◆ **DIRECTIONS FOR THIS TASK**: Each line of the listing below must be retyped exactly, with images left out.

◆ **COLLECTED MATERIAL**:
□ □ □ □

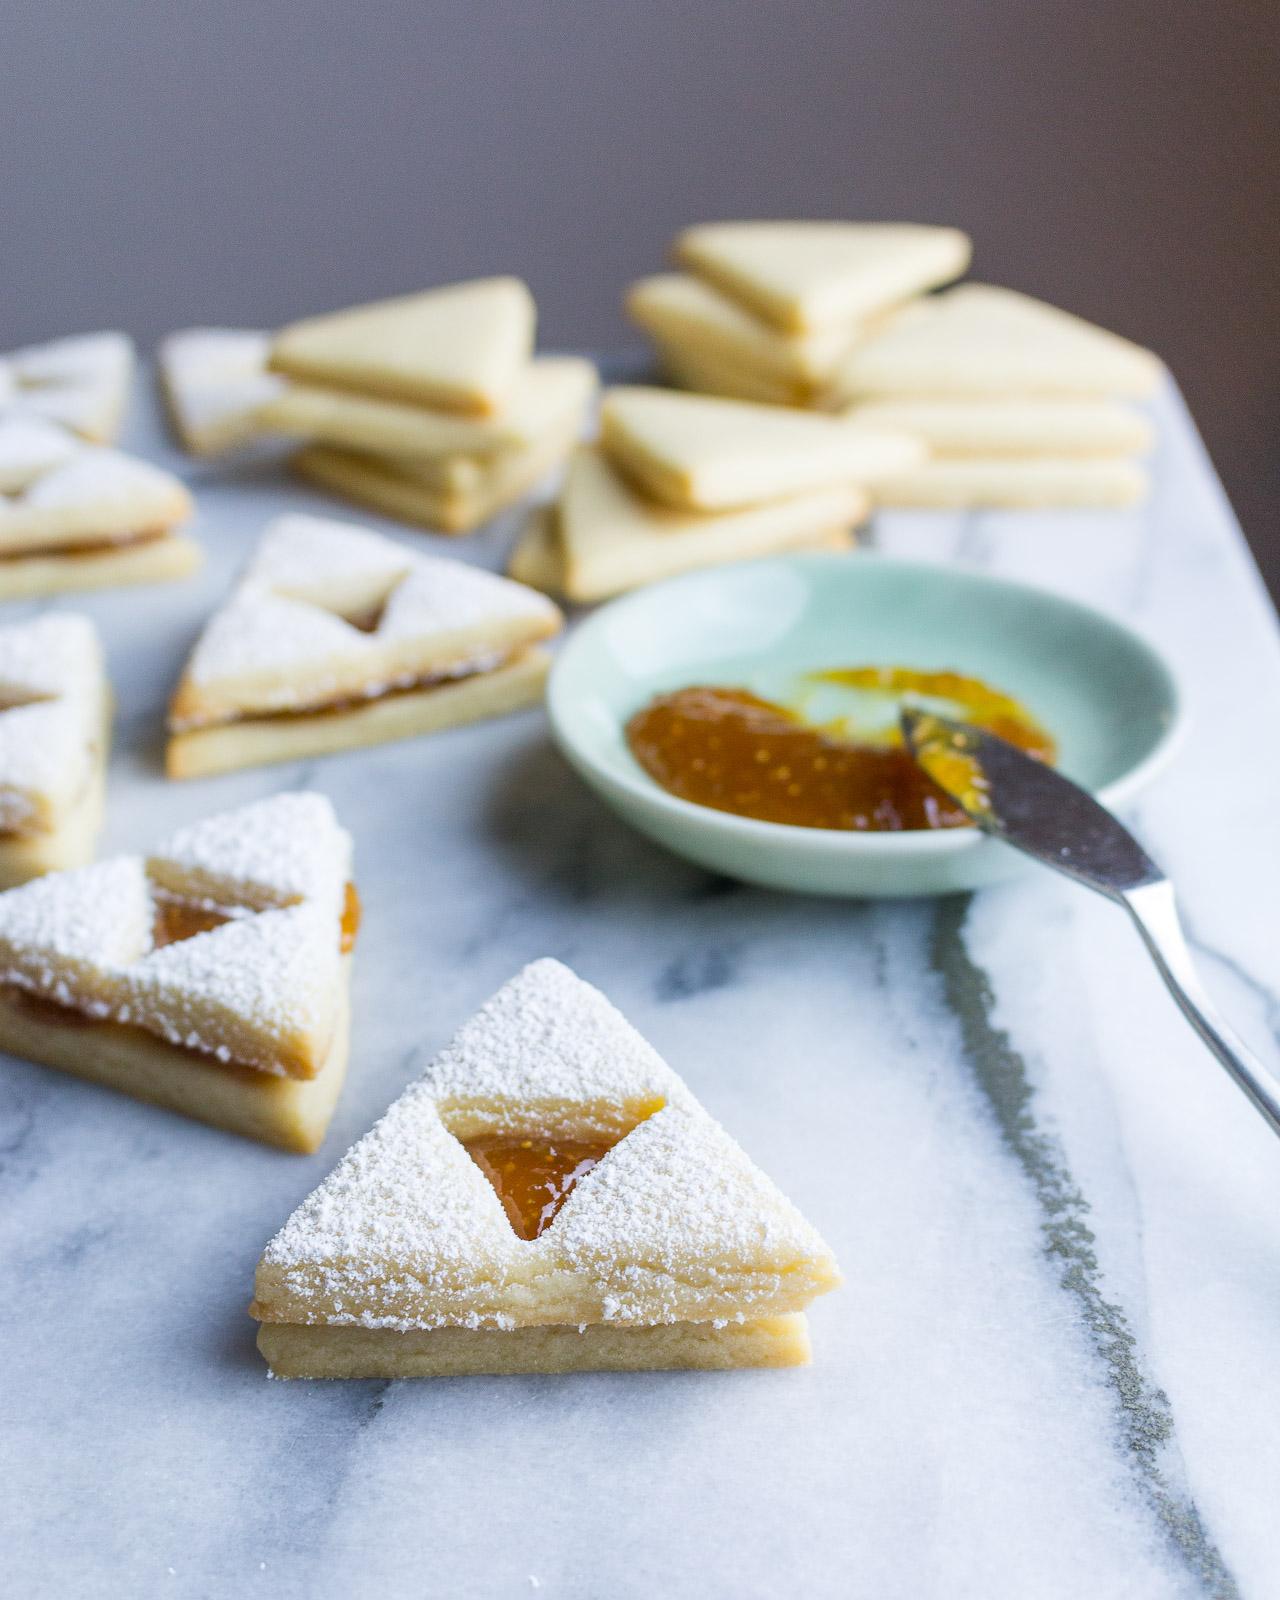 triforce-linzer-cookies-7.jpg
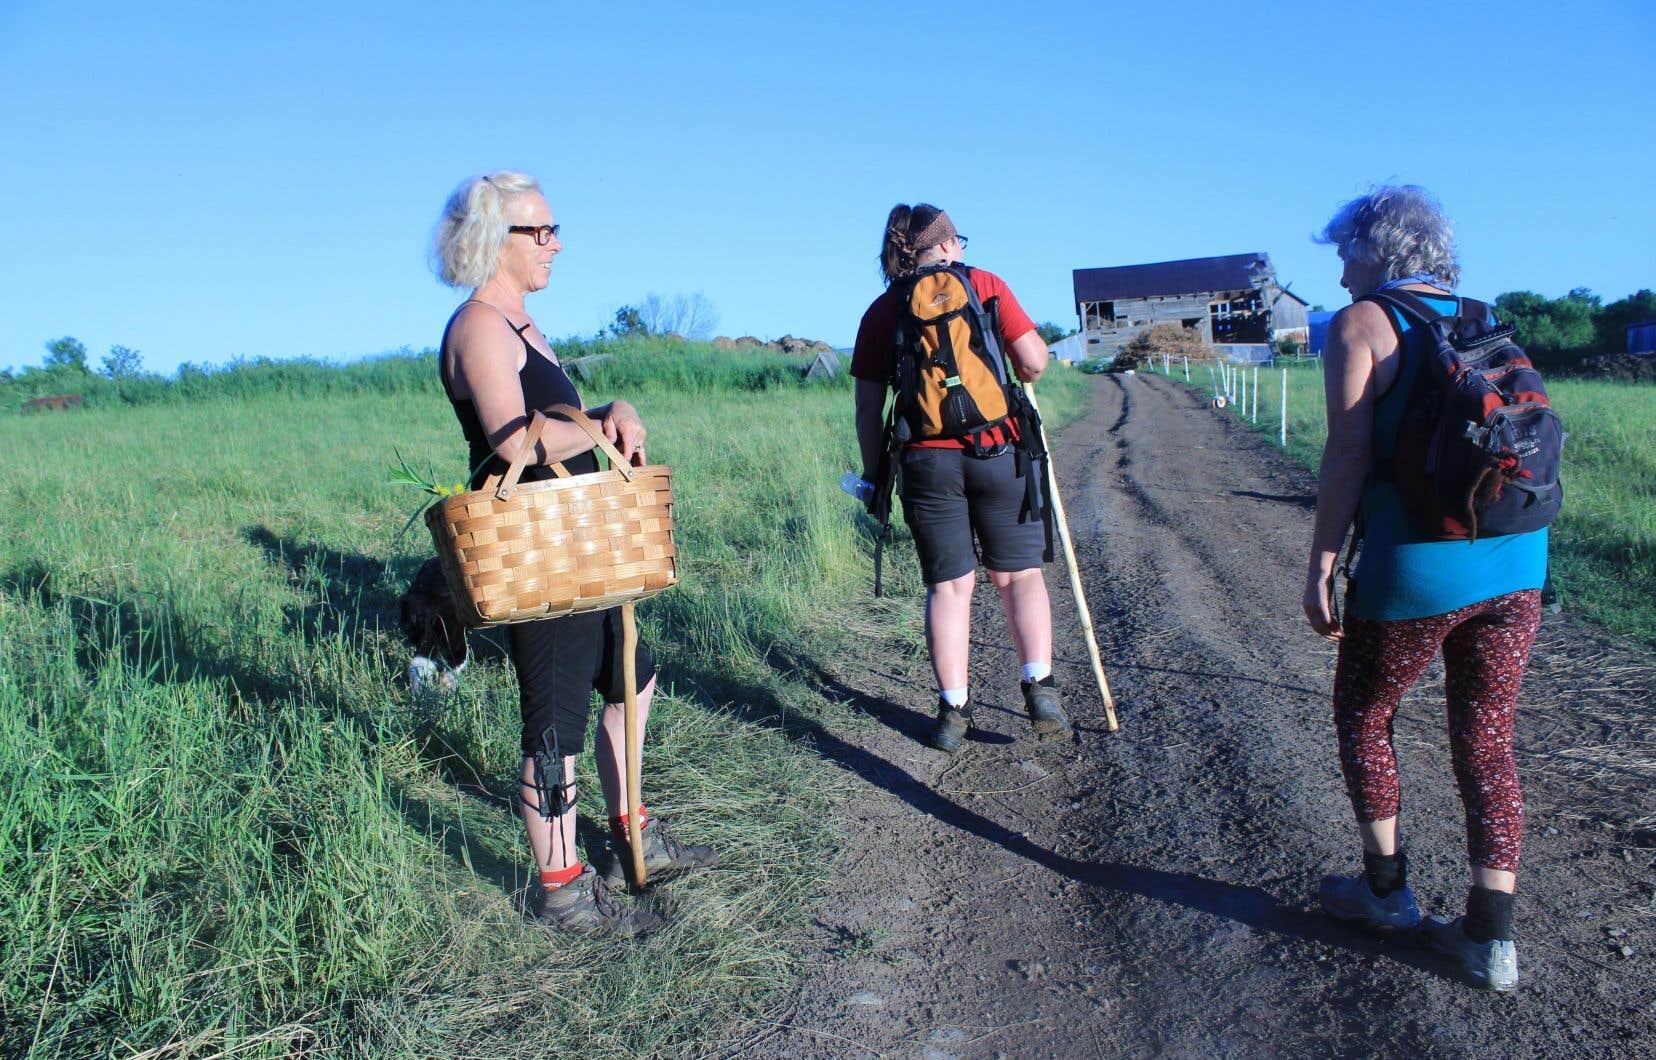 La cueilleuse chevronnée Ruthie Cummings, à gauche, et des chasseuses de denrées sauvages
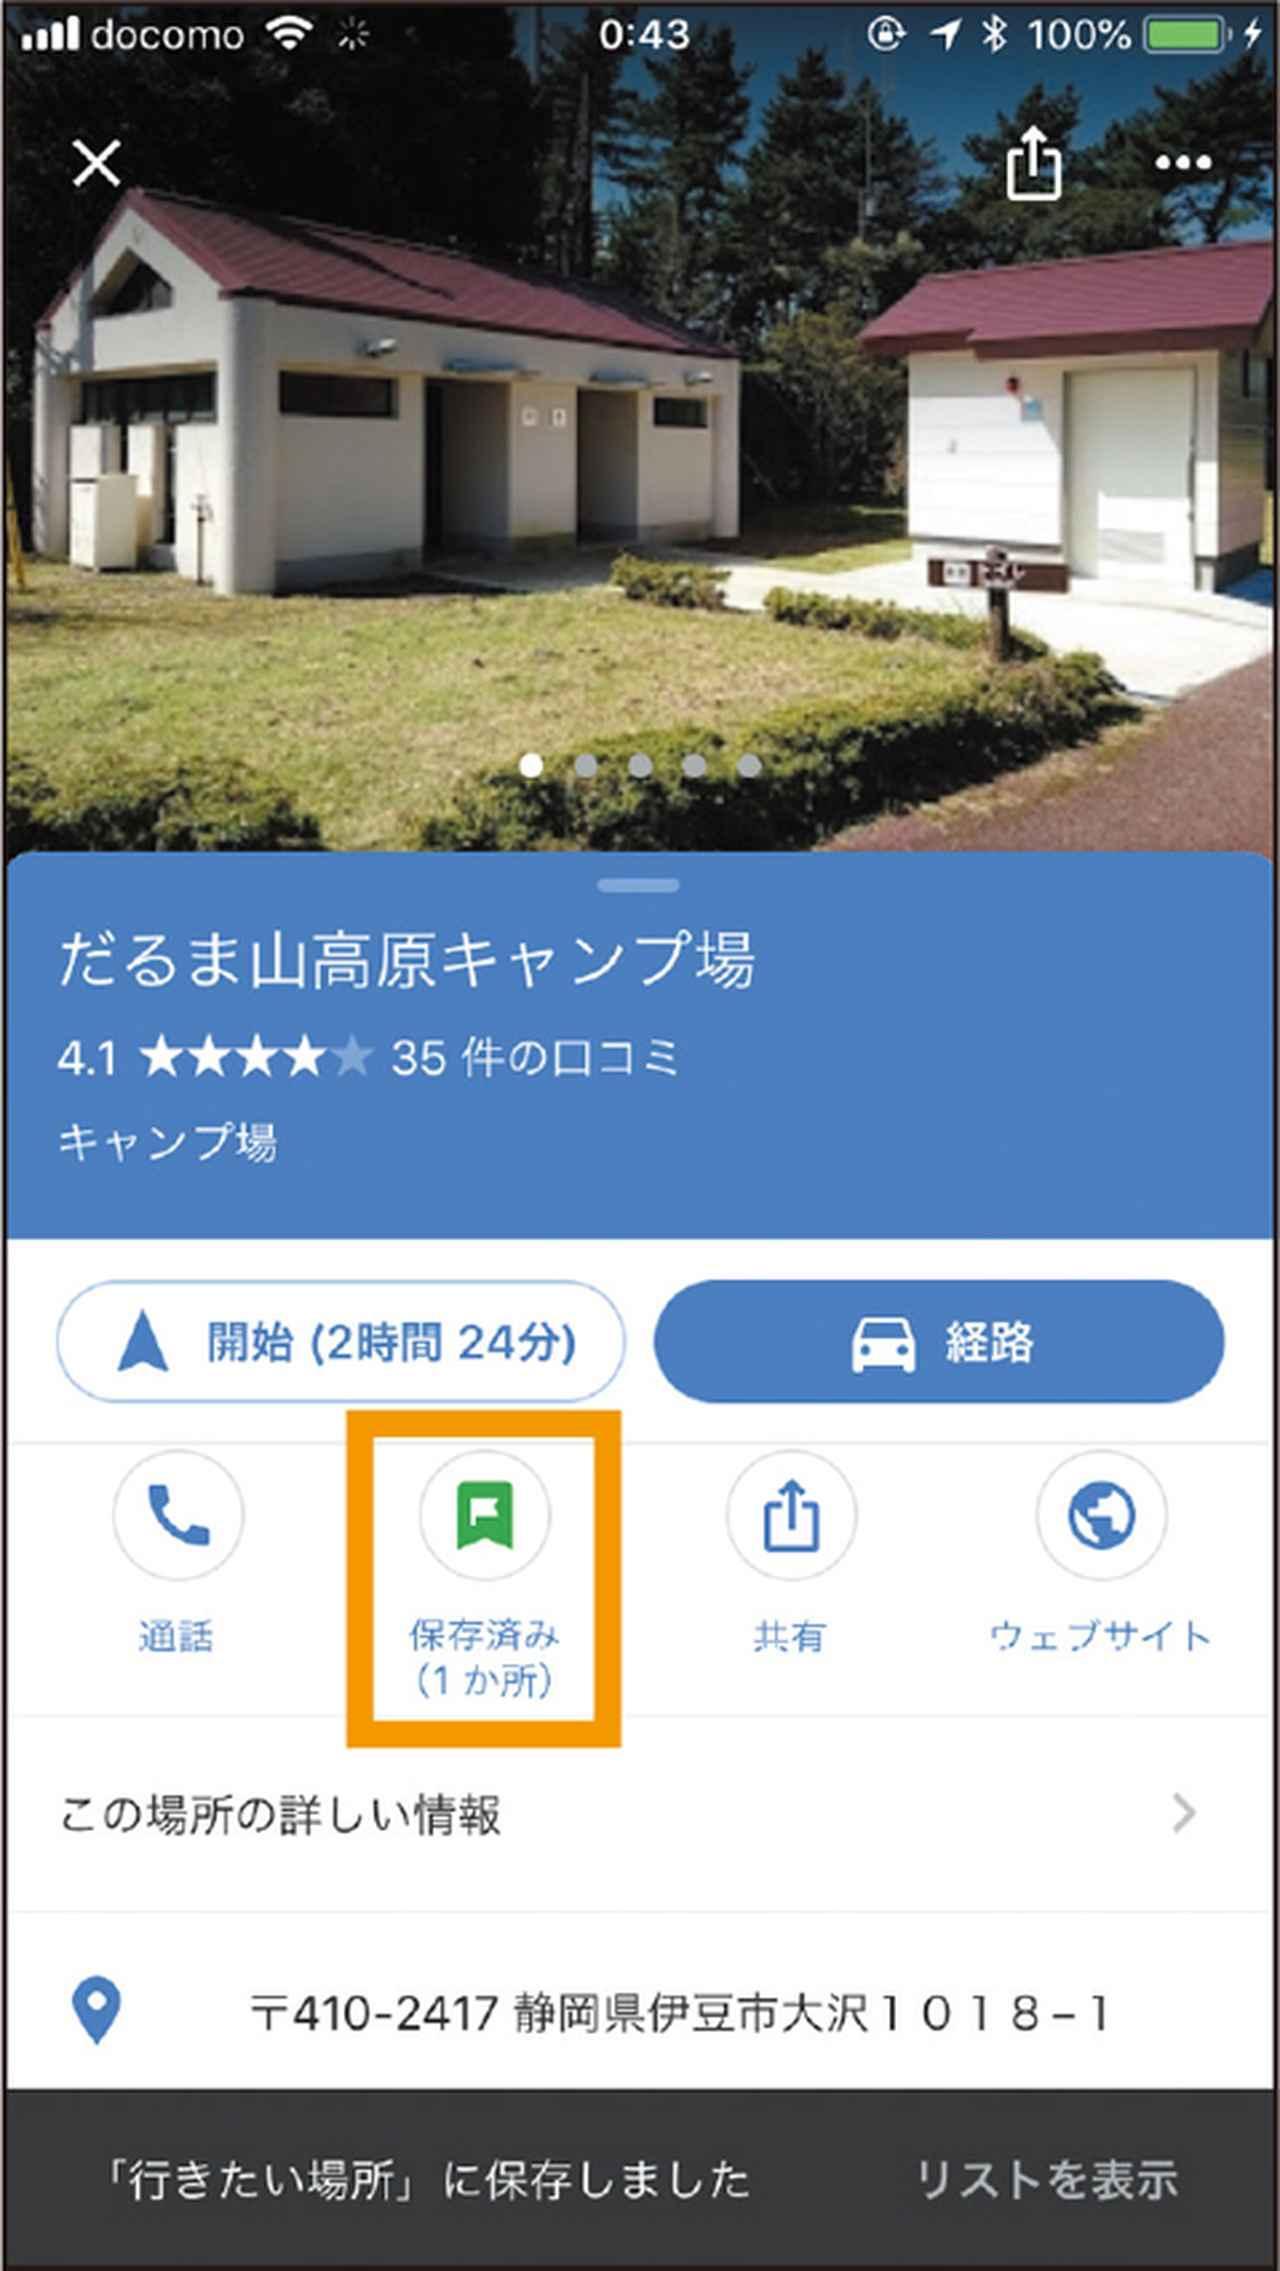 画像: リストへの保存が完了すると、アイコン表示が「保存済み」に切り替わる。

□ □ □ □

◆ **SOLUTION TO THIS PROBLEM**:
 triforce-linzer-cookies-7.jpg
 La cueilleuse chevronnée Ruthie Cummings, à gauche, et des chasseuses de denrées sauvages
 画像: リストへの保存が完了すると、アイコン表示が「保存済み」に切り替わる。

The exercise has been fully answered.